* **EXERCISE**
Repeat the data exactly, leaving out any image.

* **MATERIAL PROVIDED**
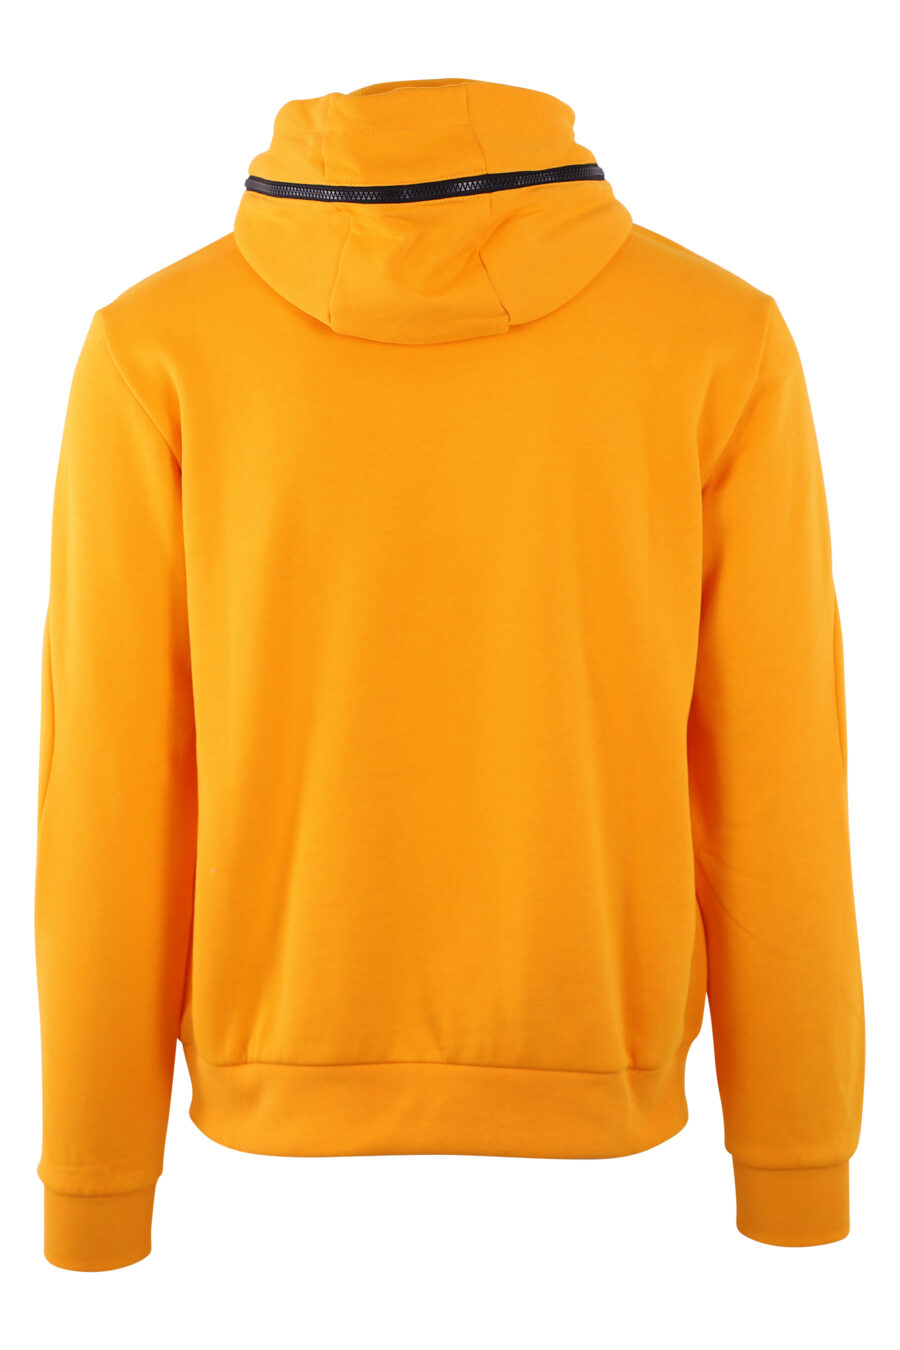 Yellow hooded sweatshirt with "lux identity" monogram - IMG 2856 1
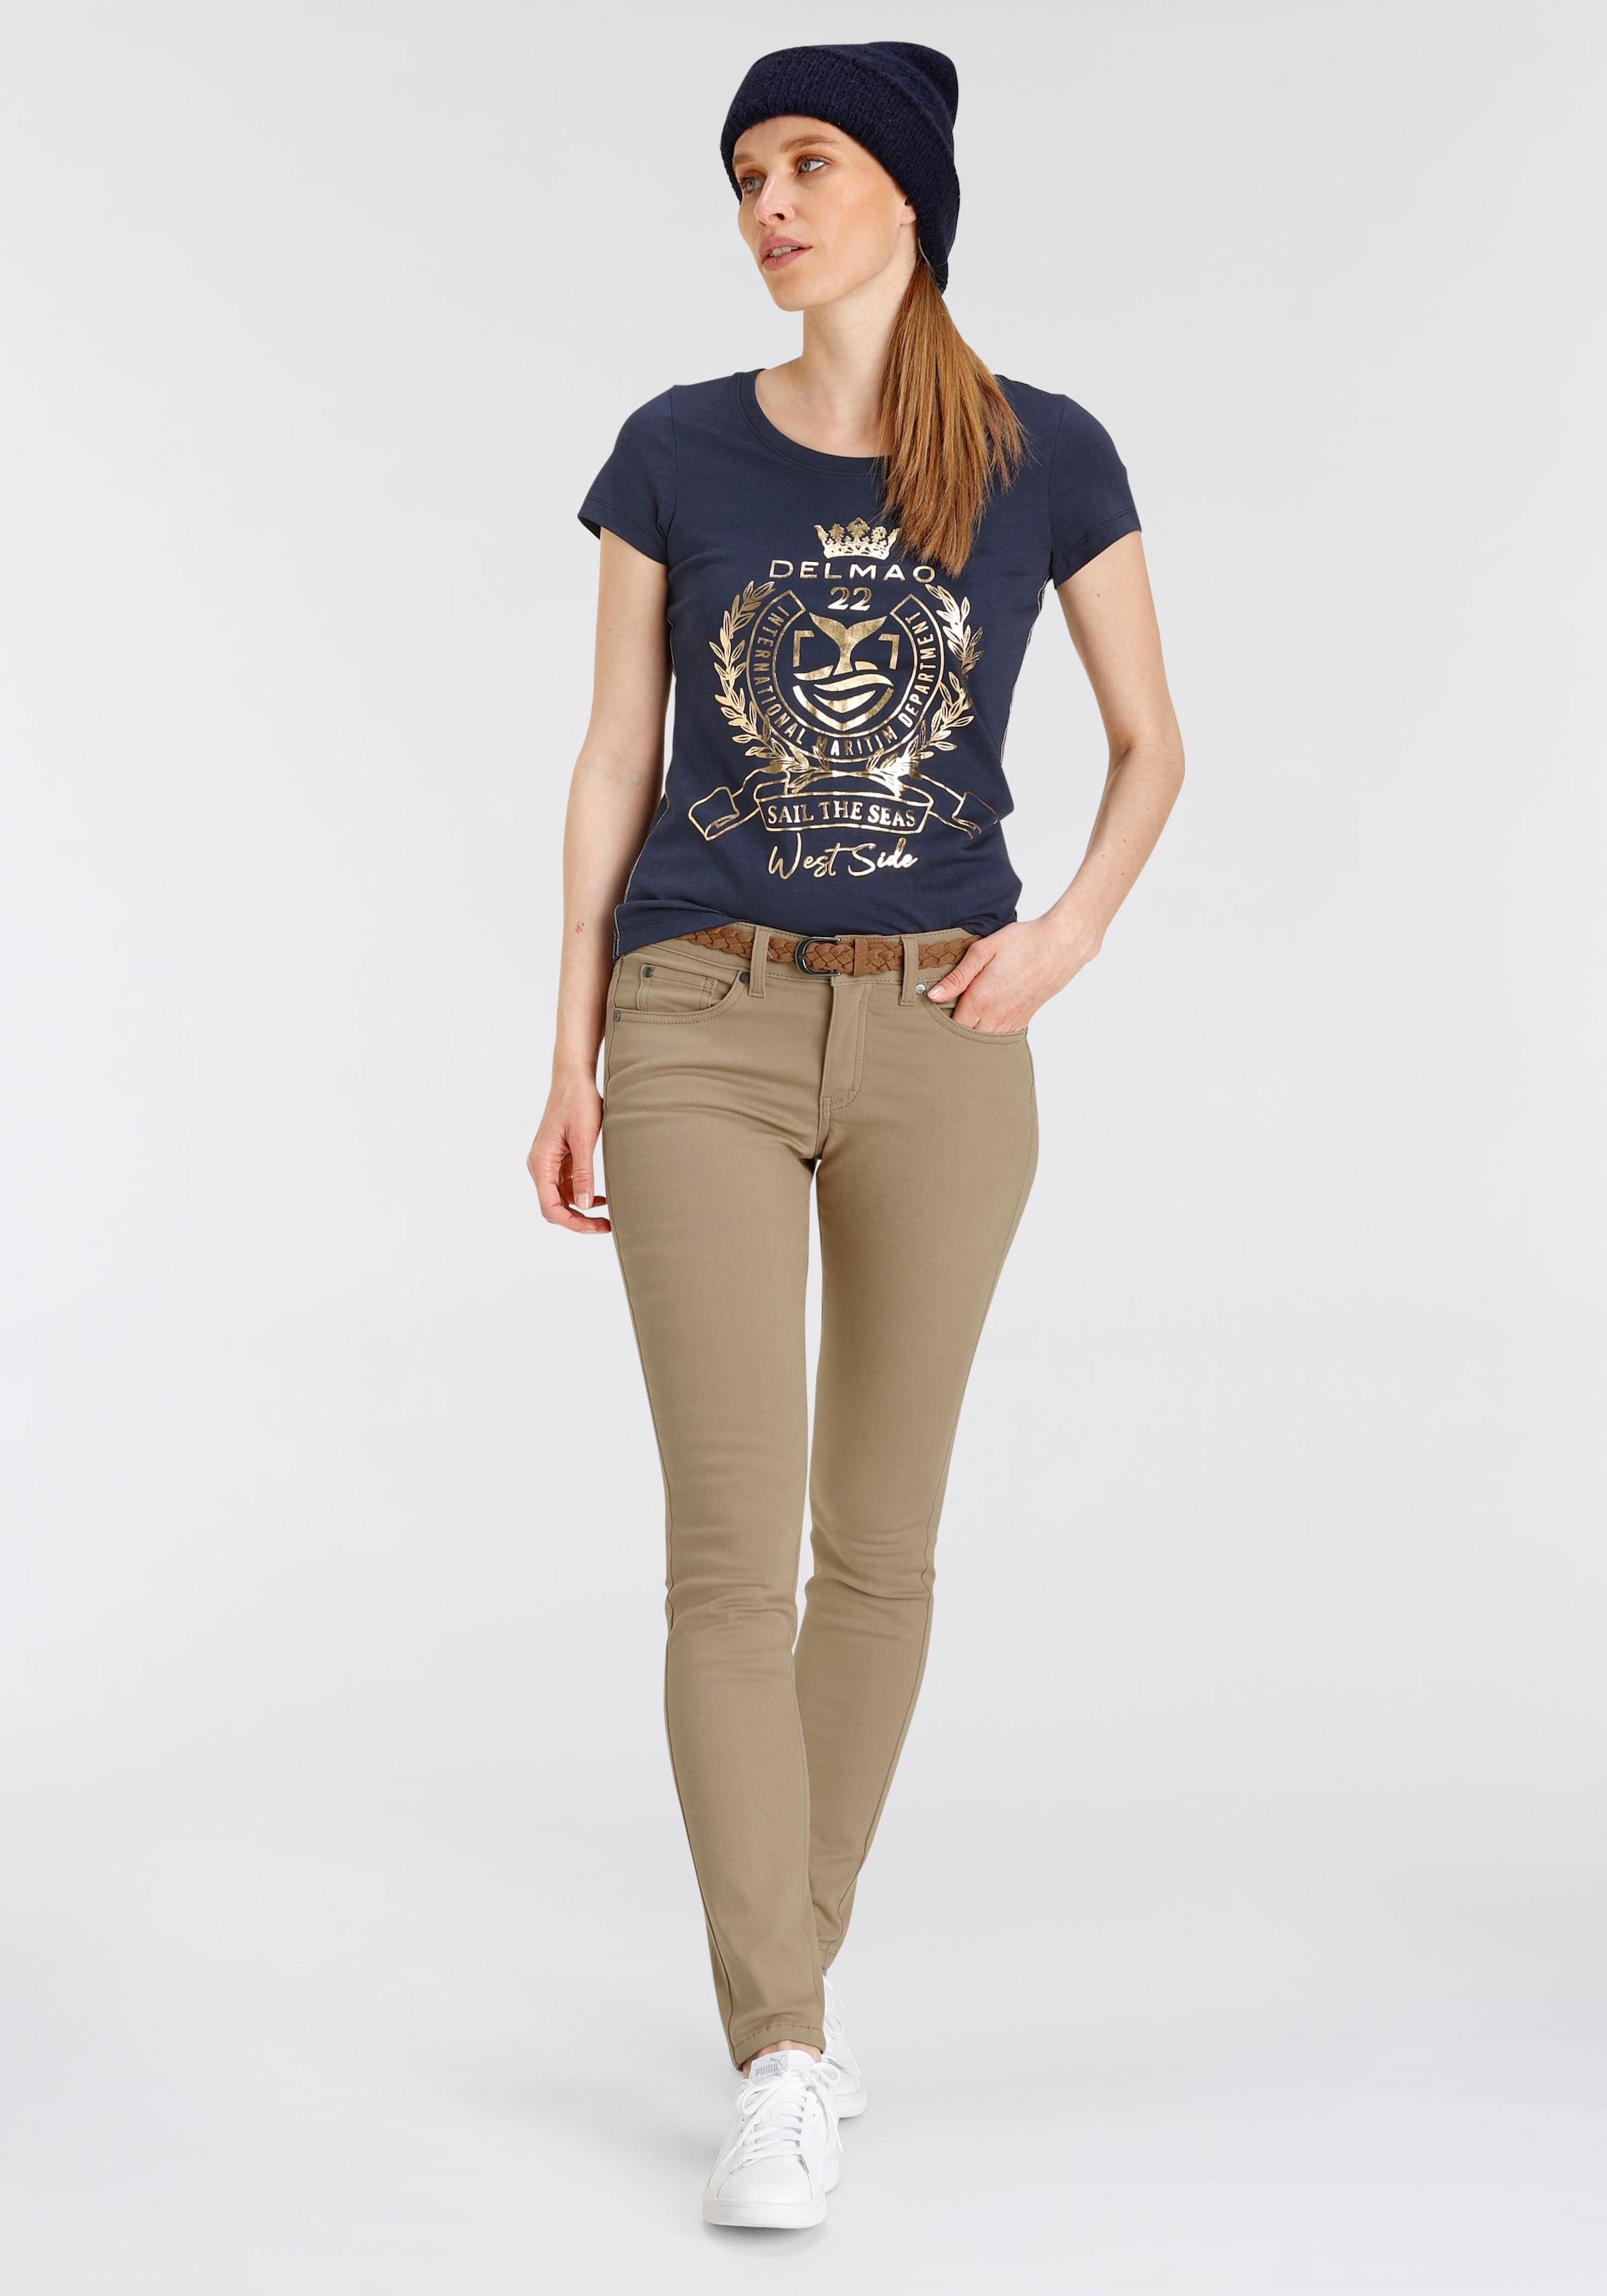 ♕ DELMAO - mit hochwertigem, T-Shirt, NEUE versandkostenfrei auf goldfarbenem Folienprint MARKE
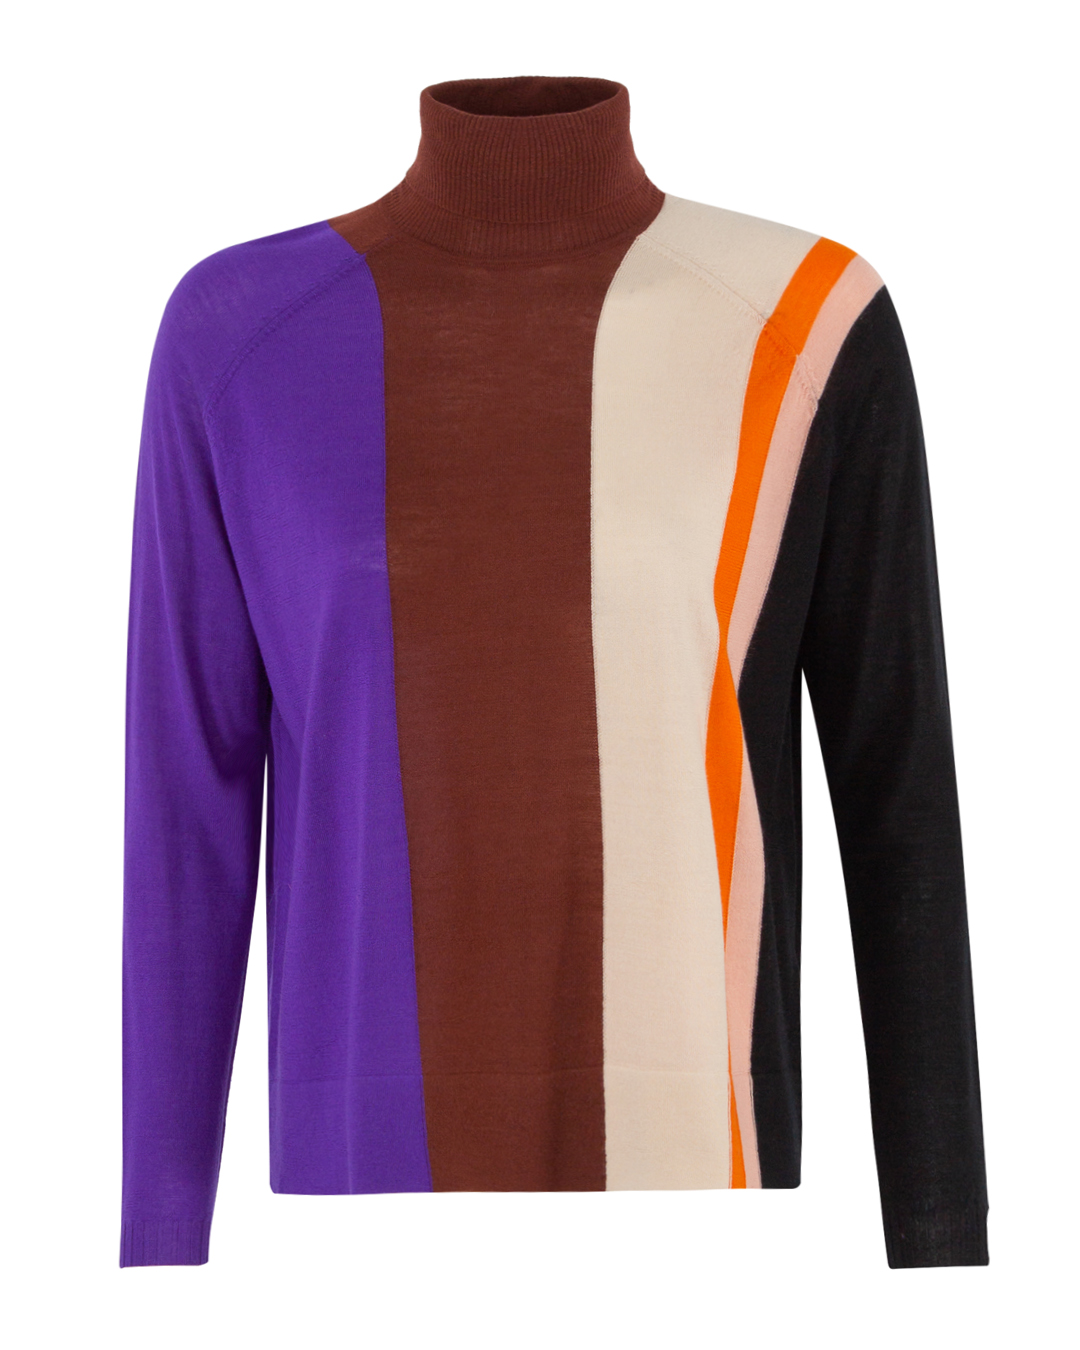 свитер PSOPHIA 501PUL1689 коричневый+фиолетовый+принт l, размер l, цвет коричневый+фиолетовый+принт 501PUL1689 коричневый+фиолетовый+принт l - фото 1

* **RESPONSE TO THE TASK**
 Yellow hooded sweatshirt with "lux identity" monogram - IMG 2856 1
 ♕ DELMAO - mit hochwertigem, T-Shirt, NEUE versandkostenfrei auf goldfarbenem Folienprint MARKE
 свитер PSOPHIA 501PUL1689 коричневый+фиолетовый+принт l, размер l, цвет коричневый+фиолетовый+принт 501PUL1689 коричневый+фиолетовый+принт l - фото 1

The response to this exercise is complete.